Cuando vivía en Europa, fui muy amigo del pintor Renato Guttuso, que era
neorrealista y comunista. Dentro de la clasificación de la política peruana, yo
me siento un caviar, verdaderamente, porque soy un hombre de la clase media que
tiene una creencia de que todo vaya bien, y que se haga el espacio a la gente
nueva, no quiero aferrarme a la Confiep y esas cosas.
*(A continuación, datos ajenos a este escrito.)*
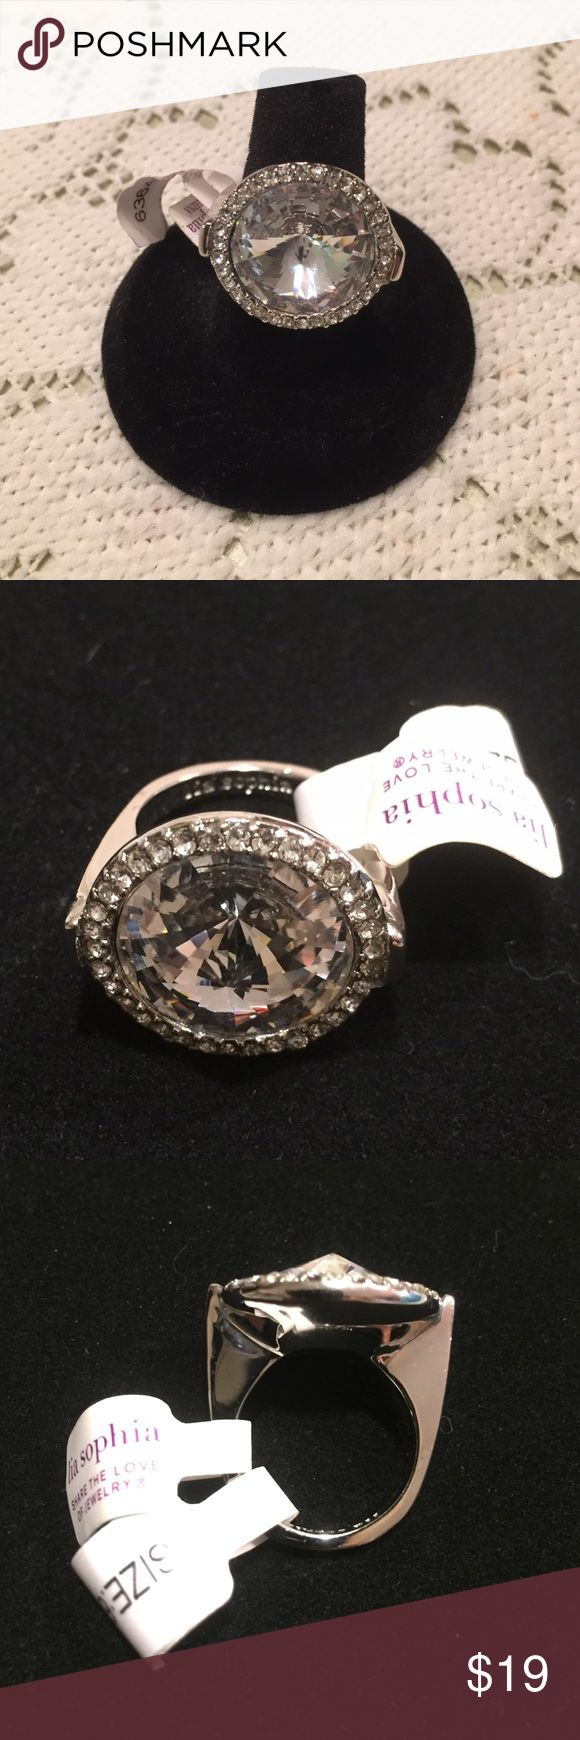 Lia Sophia✨Ring Silver tone ring. Large round stone. Lia Sophia Jewelry Rings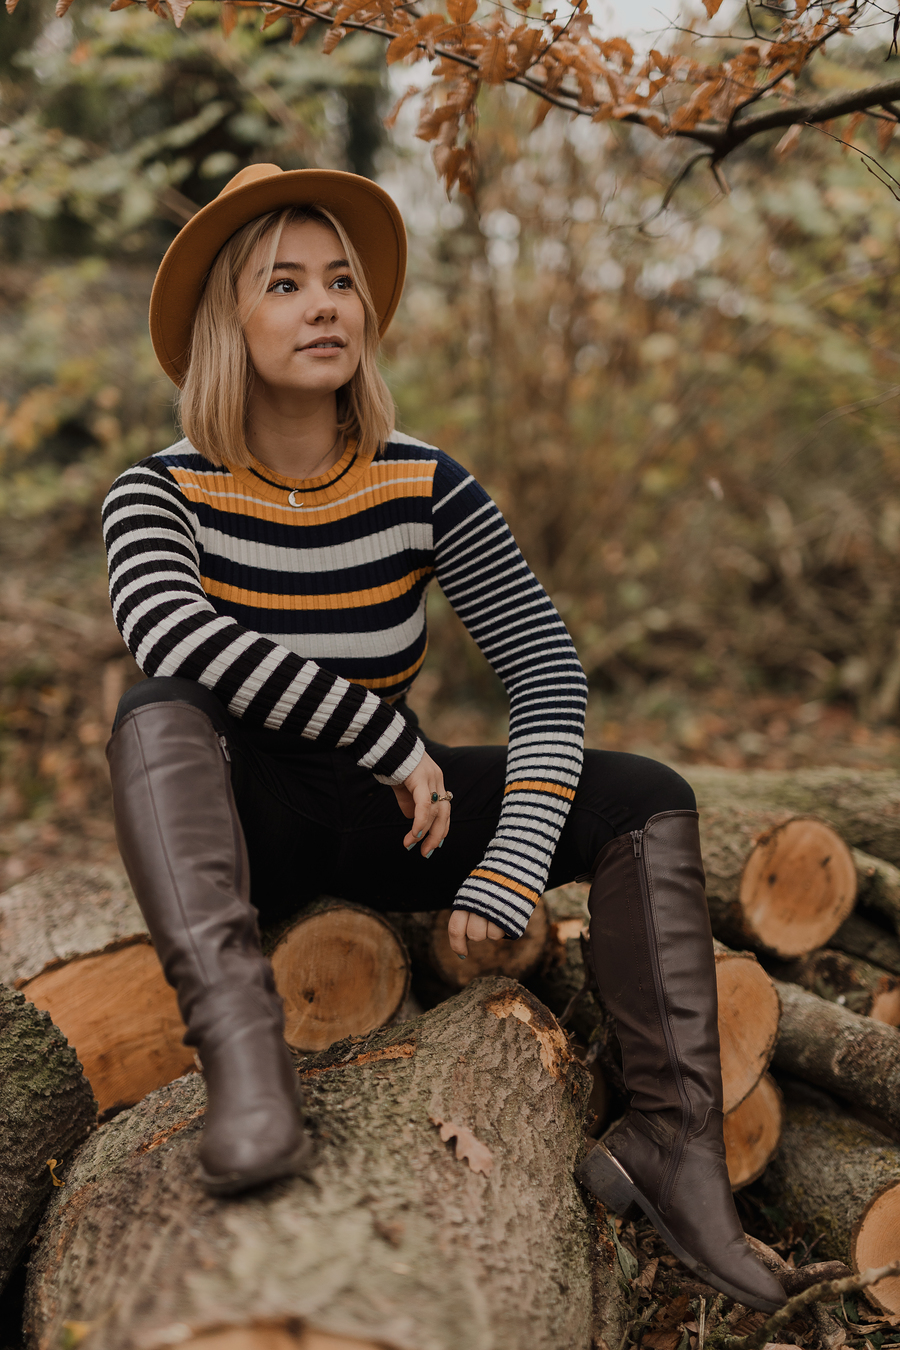 Chop wood. / Photography by Scott Davis / Uploaded 26th November 2020 @ 09:27 AM

–El Perú de hoy, ¿qué le produce?
–Mucha pena y angustia. Los que hemos vivido 90 años somos
pocos, no podemos mirar el futuro, pero tenemos una visión retrospectiva muy
fuerte. Y desde que tengo uso de razón, el Perú no sale del banco de Antonio
Raimondi [“El Perú es un mendigo sentado en un banco de oro”]. Adelantamos en
ciertas cosas que son universales, la comunicación, la computación, pero en
otras, estamos en el Medievo. No ha pasado nada.
–Tal vez se deba a sus ciudadanos.
–Hay una falta de sensibilidad y una gran tendencia de la
gente de pensar que el populismo nos puede salvar. Yo he sido alumno del
alcalde Luis Bedoya. Fue un alcalde estupendo, perdimos un gran presidente.
Sacó a patadas el Zanjón. Escuché a un tipo de izquierda que el único mérito
que tenía Bedoya era cumplir 90 años. No me jodan. No puede ser que ahora se
insulte con una facilidad increíble, que un tipo diga traidor al presidente de
la República. No es decente. Esta cantidad de gente que ha entrado solo por
poner un aporte financiero, no tiene ningún mérito, ninguna cultura cívica. No
sé a dónde vamos.
Tiene un apetito voraz, pero ya no asimila los alimentos
debidamente.
Es el único sobreviviente de su promoción en el colegio
Champagnat.
–¿Y piensa en la muerte?
–Pienso con una naturalidad terrible. Se me viene pronto; no
le tengo miedo. Encuentro una cosa totalmente normal. Y trato de influir en mis
hijas para que tengan esa relación, pero la veo difícil.